By Bill Britt
Alabama Political Reporter
The Southern Poverty Law Center, which promotes itself as a champion for the poor and oppressed, has amassed a $319 million fortune, part of it stashed away in offshore bank accounts, according to its latest posted tax return.
Over the last six years, this left-leaning organization has made deep inroads into Alabama’s Republican supermajority. Each year, their lawyers, accompanied by high-paid lobbyists, butter-up Republican lawmakers to further the organization’s liberal agenda. And, if the sweet-talk fails, they turn on the pressure. Note their recent campaign to shame or trick Legislators into passing “lending” reforms that will leave lower-income Alabamians without a means of borrowing much-needed cash.
Their 2015 taxes show the Montgomery-based nonprofit’s notorious endowment has now swelled to historical levels, up from $302 million the year before.
SPLC’s bulging bank accounts, along with its relentless and often suspect fundraising schemes, have been well-documented for decades by some very respectable publications and watchdog groups.
The SPLC has consistently received a grade of “F” by CharityWatch, an independent association that monitors and rates charitable organizations. The “F” is related to SPLC’s stockpiling of cash, which goes well beyond what CharityWatch considers a prudent reserve for a charitable organization.
The SPLC also spends a larger percent of its budget on fundraising and other overhead expenses than CharityWatch considers indefensible.
CharityWatch rates spending up to 25 percent on administrative needs “highly efficient.” It 2016, they reported that SPLC spent 41 percent of its budget on administrative expenses.
In 2015, SPLC reported spending less than $1.9 million on expenses related to actual litigation.

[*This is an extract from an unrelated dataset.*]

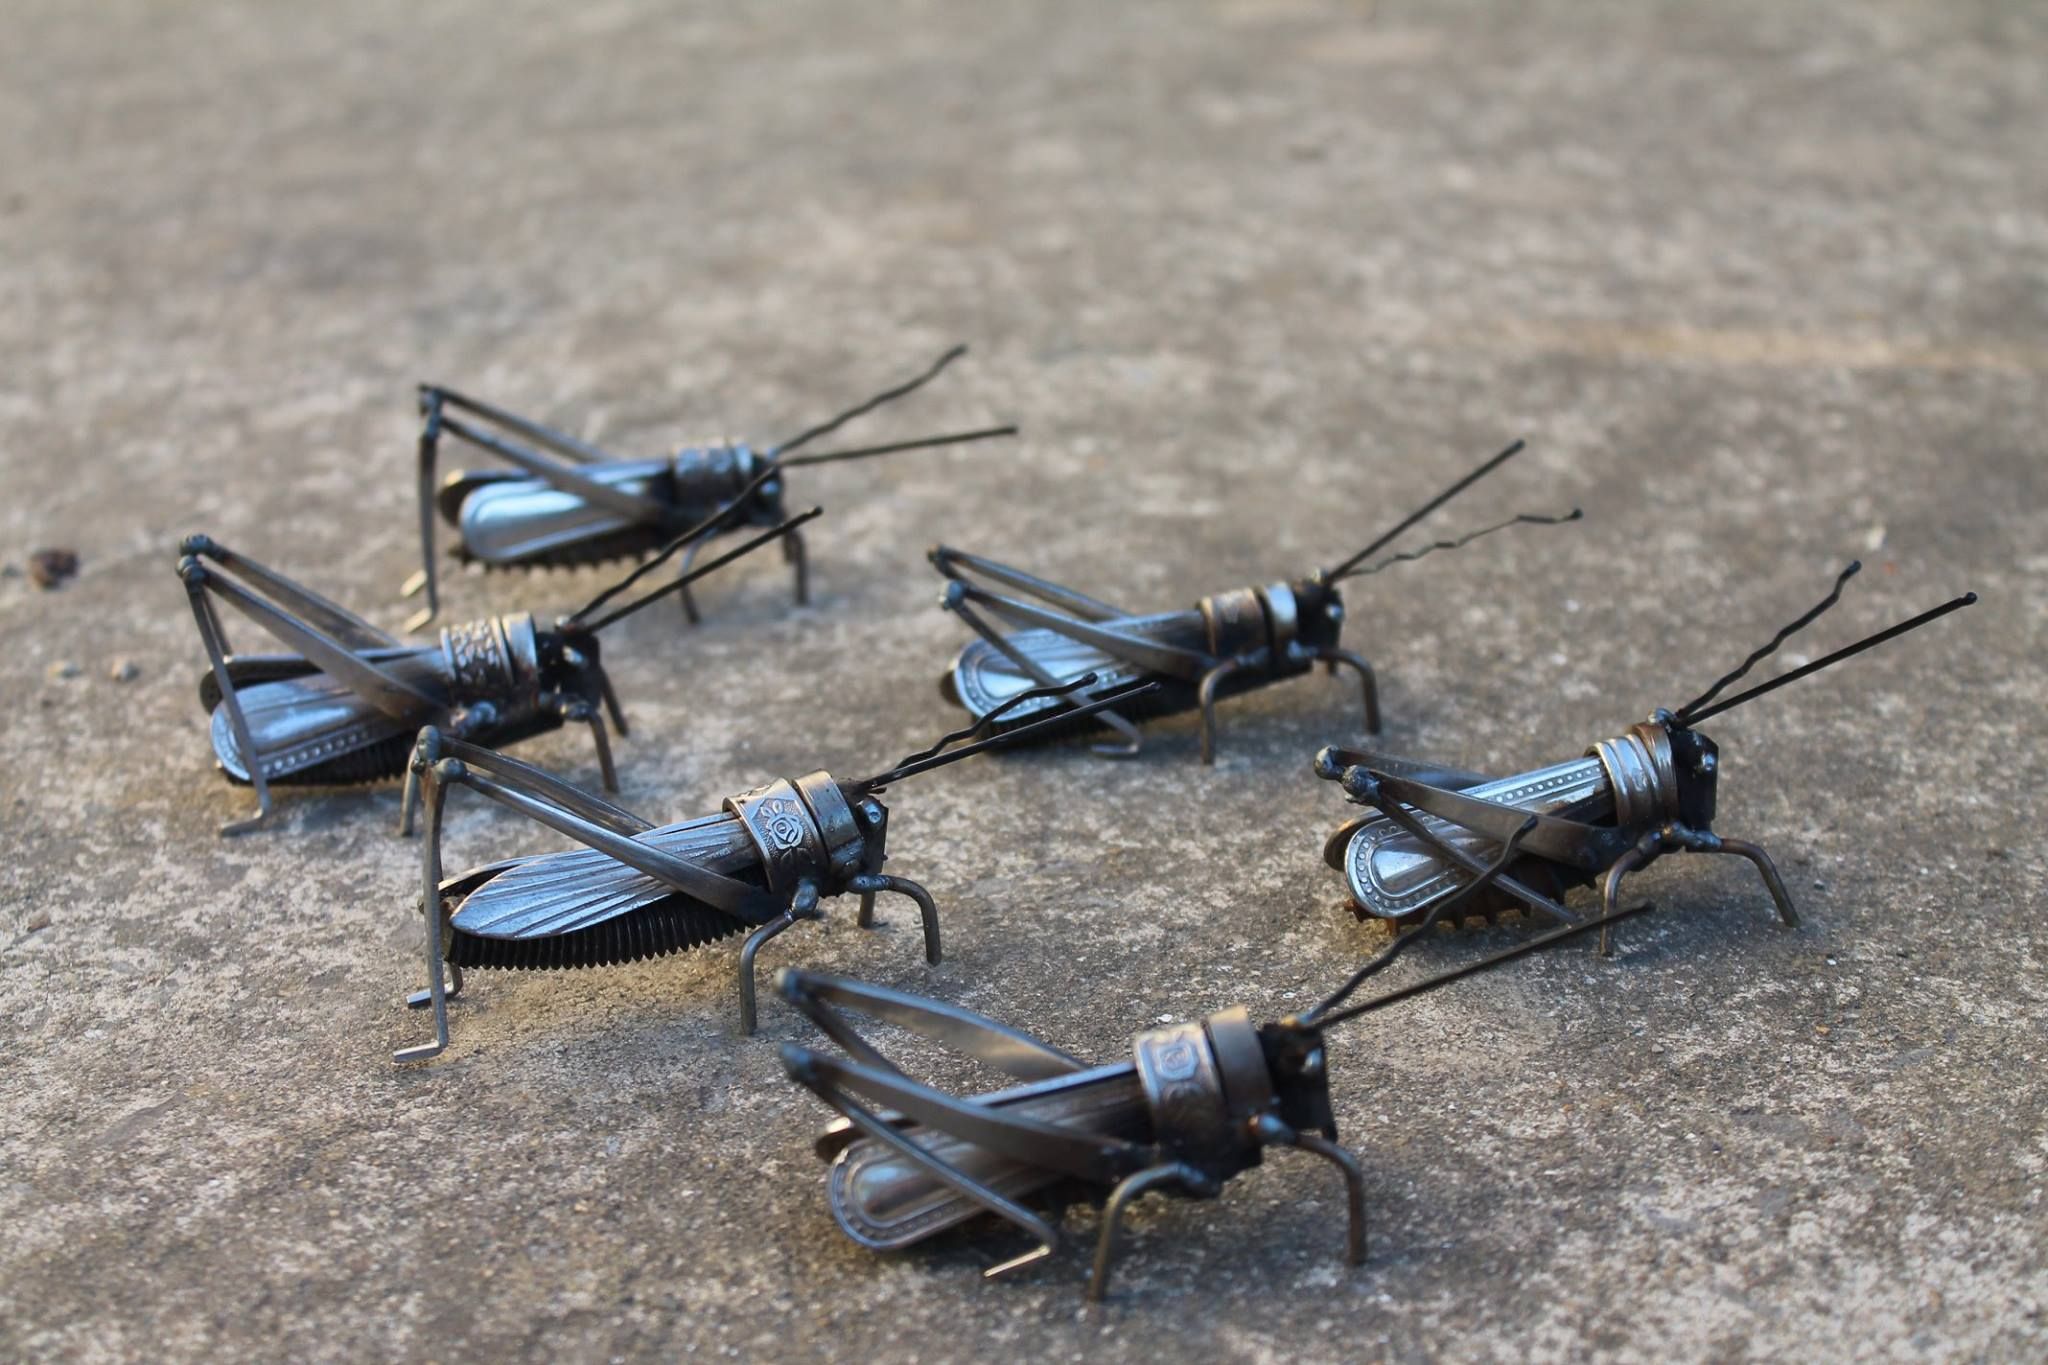 grasshopper, man made, sculpture, cricket (animal), scrap metal art

It reported spending more than five times as much — almost $9.7 million on total fundraising expenses.
Tax documents seem to reveal where the Southern Poverty Law Center’s actually priorities lie.
SPLC’s fight against “predatory lenders” who reap huge profits while allegedly bilking the poor and misleading minorities, seems disingenuous considering SPLC millions with a substantial amount held in financial accounts located in the Cayman Islands, British Virgin Islands, and Bermuda, according to their latest tax report.
Its 2015, tax form also reveals fundraising activities all over the world including: Antigua; Aruba; Bahamas; Australia; Brunei; Burma; Cambodia; Albania; Andorra; Austria; Belgium; Algeria; Bahrain; Djibouti; Egypt; Angola; Benin; Botswana; Burkina Faso; Argentina; Bolivia; Brazil; Chile; Colombia; Ecuador.
In an article for The Weekly Standard in 2013, under the headline of “King of Fearmongers,” Charlotte Allen wrote:
“Thanks to the generosity of four decades worth of donors, many of whom, as SPLC President Richard Cohen himself noted in a telephone interview with me, are aging ‘Northern-State 1960s liberals who continue to associate Southern and Poverty with lynchings, white-hooded Klansmen, and sitting at the back of the bus,’ and thanks to what can only be described as the sheer genius at direct-mail marketing of Dees, the SPLC is probably the richest poverty organization in the history of the world.”
SPLC also makes a small fortune suing the State of Alabama, but more often the legislators make the State an easy target. Even the recent lawsuits over the State’s failed prison system would not have occurred if the legislature would have shown the problem attention before it was out of control.
All this is not to disparage the good work of the SPLC, but to point out the group’s funding activities leave little room for them to judge those in the small loan industry.
The idea that the SPLC is helping lead the charge against so-called unscrupulous and greedy lenders, who exploit their clients and take more than they need to survive, is a rich irony if you’ll pardon the pun.
SPLC Form 990 tax returns
1.) Foreign accounts:
Question about interest or control in foreign accounts is raised on page 6 of 51. (Question 4a)
The detailed answer is on page 49 of 51 (second from bottom)
2.) Morris Dees compensation:
Pages 8 and 45 of 51.
3.) Fundraising activities in other countries
Page 34 of 51.
4.) Endowment fund
Page 30 of 51 (Part V) If you look, it across the rows, it shows you the growth over the past few years.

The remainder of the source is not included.